[Dataset content]:

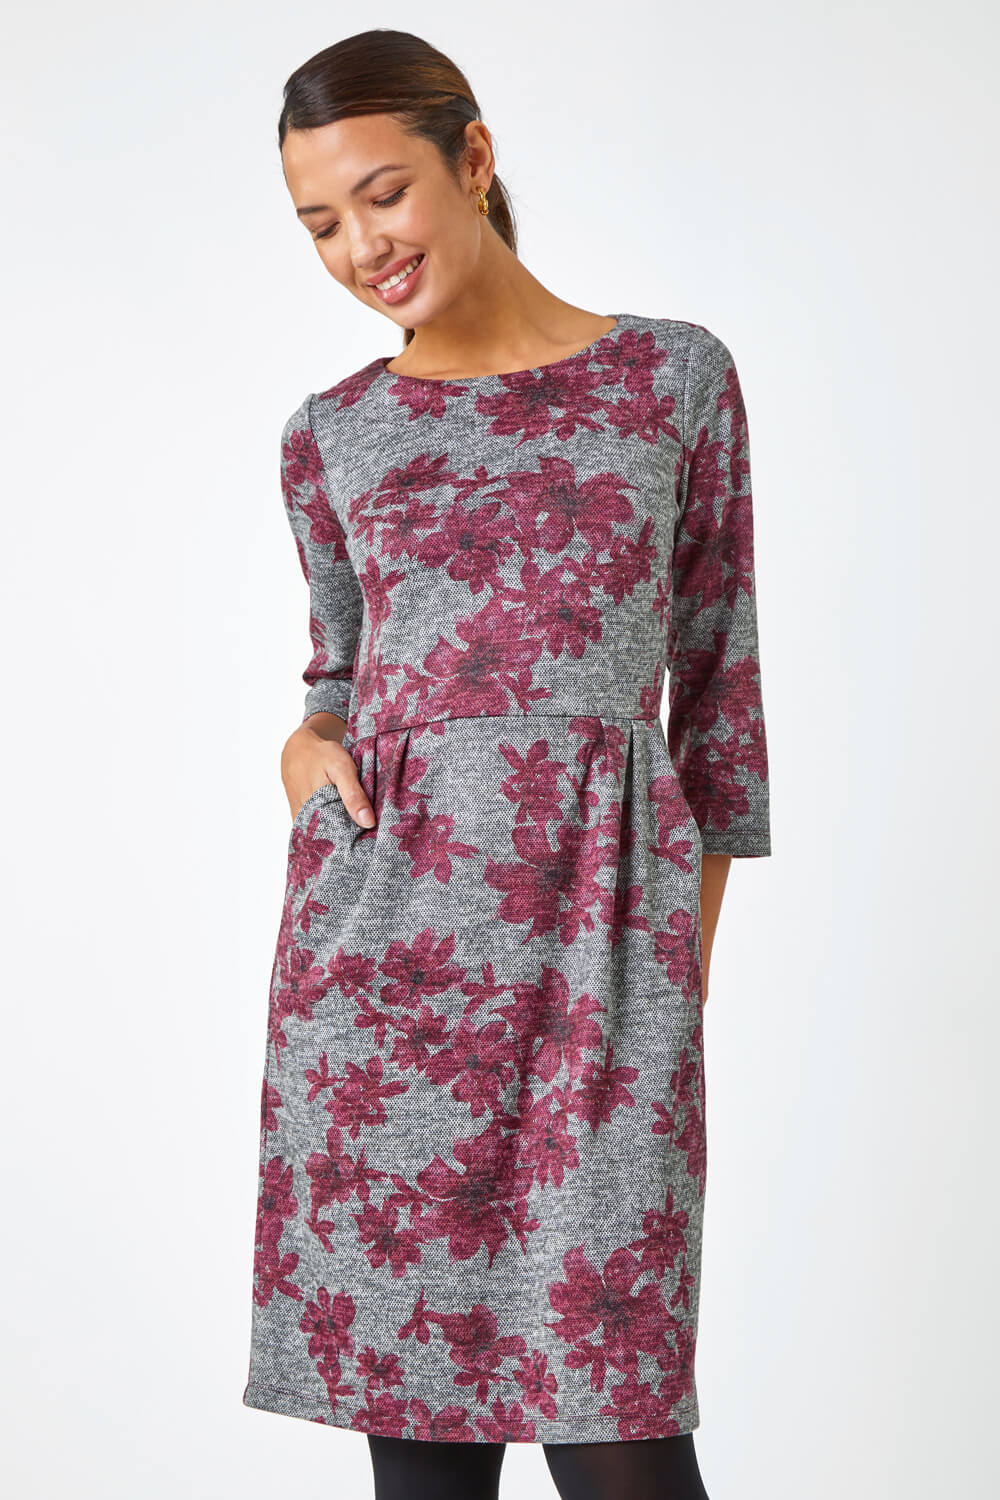 Pink Floral Print Pocket Stretch Dress | Roman UK
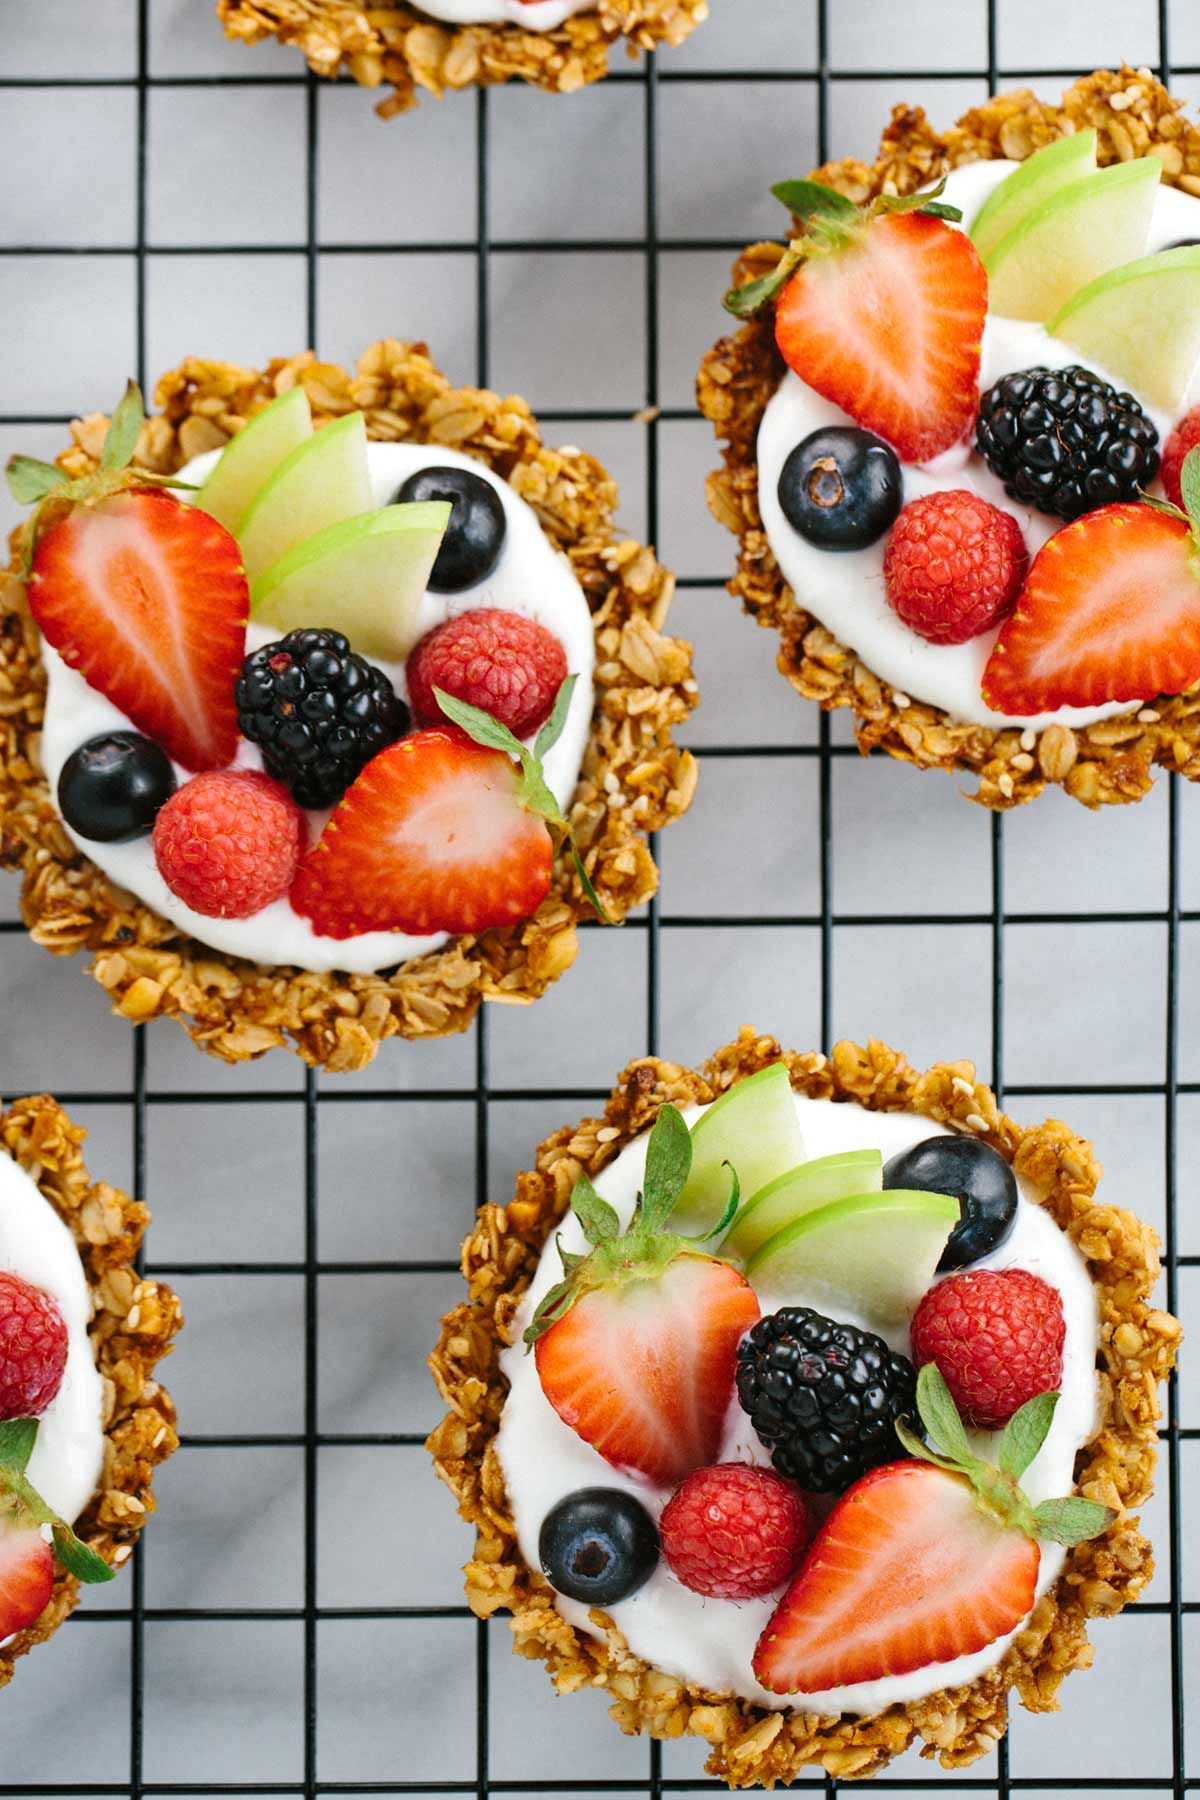 Breakfast Granola Fruit Tart with Yogurt Recipe – Customize your favorite fillings
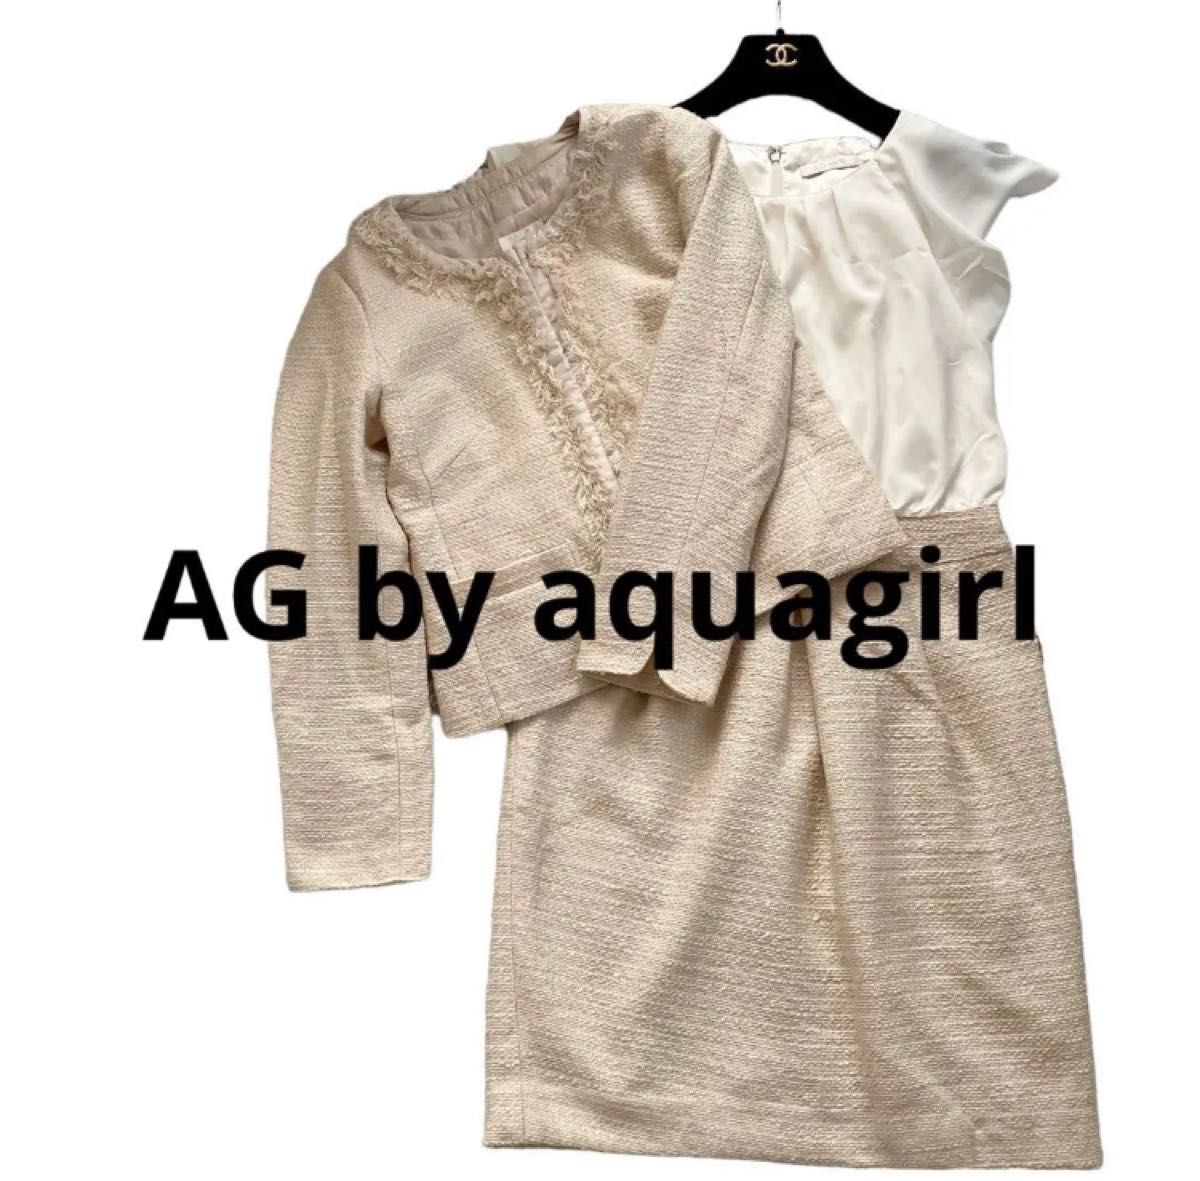 AGby aquagirlアクアガールベージュツイードワンピースジャケットスーツ ワンピーススーツ入学式卒業式セレモニースーツ

[What is being asked]:
Pictures excluded, copy exactly the lines running from the one with "Breakfast Granola Fruit" through the last line of the material.

[Answer box]:
 Breakfast Granola Fruit Tart with Yogurt Recipe – Customize your favorite fillings
 AGby aquagirlアクアガールベージュツイードワンピースジャケットスーツ ワンピーススーツ入学式卒業式セレモニースーツ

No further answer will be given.